Skill Availability and Presentation Granularity in Large-Language-Model Agents: A Controlled SkillsBench Study

arXiv:2605.31408v1 Announce Type: cross Abstract: Skill documents provide procedural knowledge to large-language-model agents at inference time. This article studies whether the presentation granularity of controlled skill knowledge changes downstream task success. The experiment uses a pinned SkillsBench version, a 30-task domain-balanced subset validated by official oracle runs, two reasoning-enabled model configurations, six skill conditions, and five trials per task-condition-model cell. Skill availability is the clearest empirical signal. Relative to no skill, skill conditions increase ta
The proliferation of large language models and the increasing focus on their autonomous capabilities make research into agentic design a critical immediate concern.
This research provides empirical data on best practices for designing and deploying effective AI agents, which are becoming a pivotal component in collapsing workflows and automating tasks.

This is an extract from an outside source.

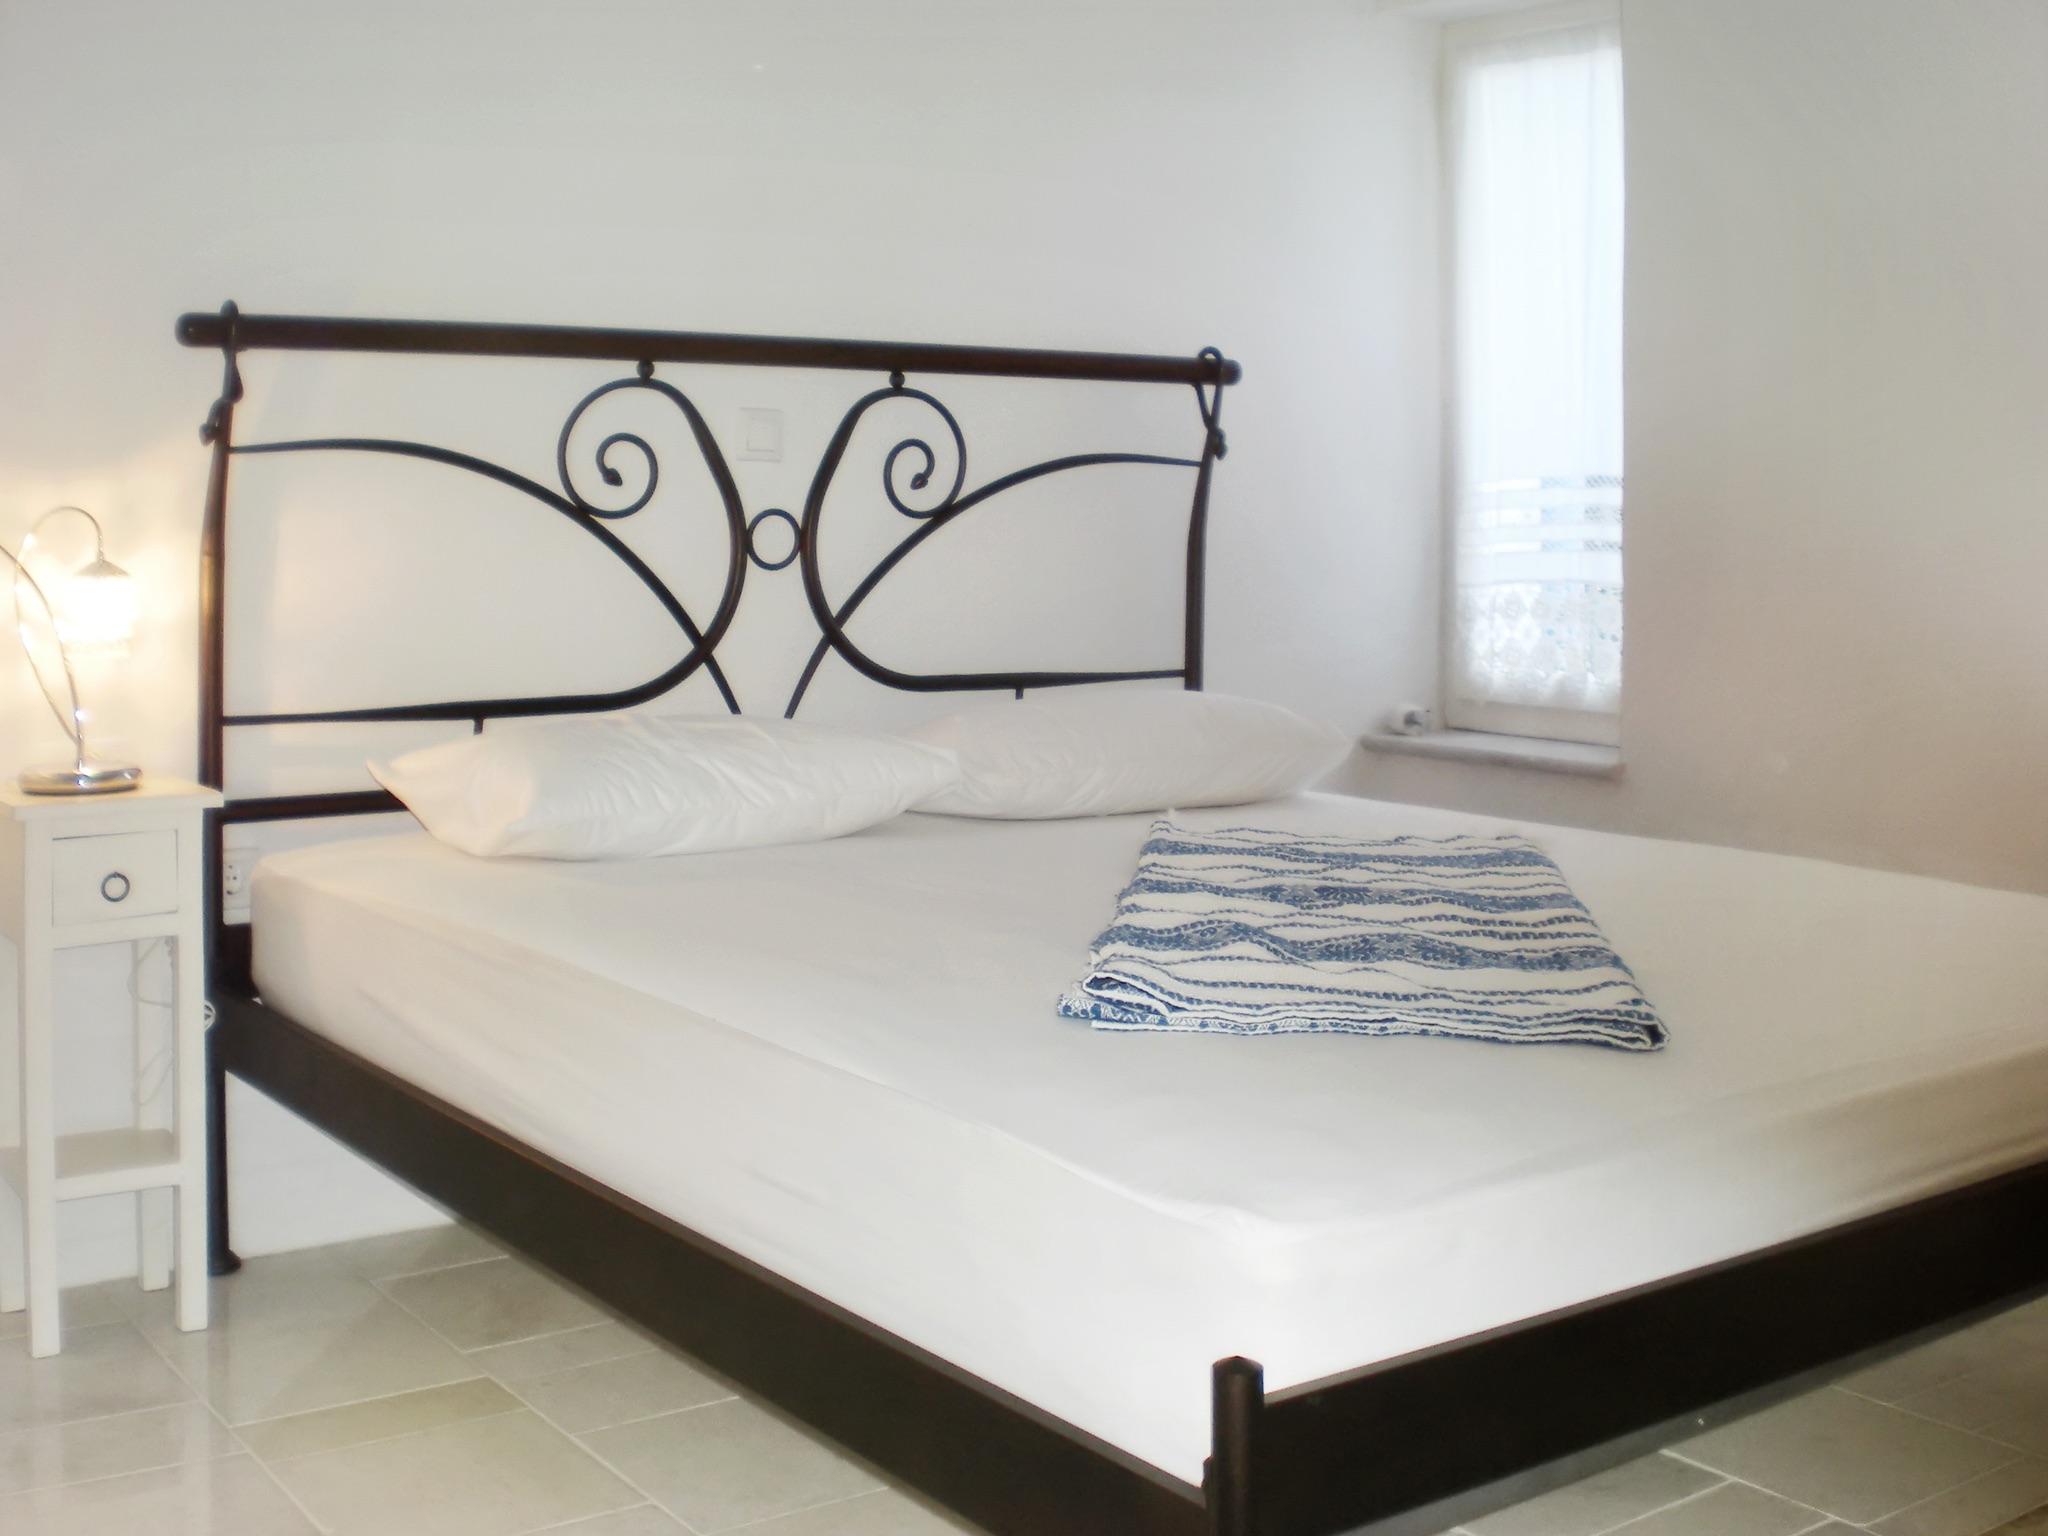 Ferienhaus Villa im Kykladen-Stil auf Paros (Griechenland), mit 2 Schlafzimmern, Gemeinschaftspool &  (2201782), Paros, Paros, Kykladen, Griechenland, Bild 12

Our understanding of how to optimize the design and deployment of large-language-model agents, specifically regarding skill availability and presentation, is being refined.
- · AI agent developers
- · Companies adopting AI agents
- · Efficiency software providers
- · Inefficient workflow providers
- · Manual white-collar tasks
- · Poorly designed AI agents
Improved performance and broader adoption of AI agents across various industries.
Significant disruption and automation of existing white-collar job functions and SaaS layers.
The acceleration of new business models entirely dependent on highly autonomous AI systems.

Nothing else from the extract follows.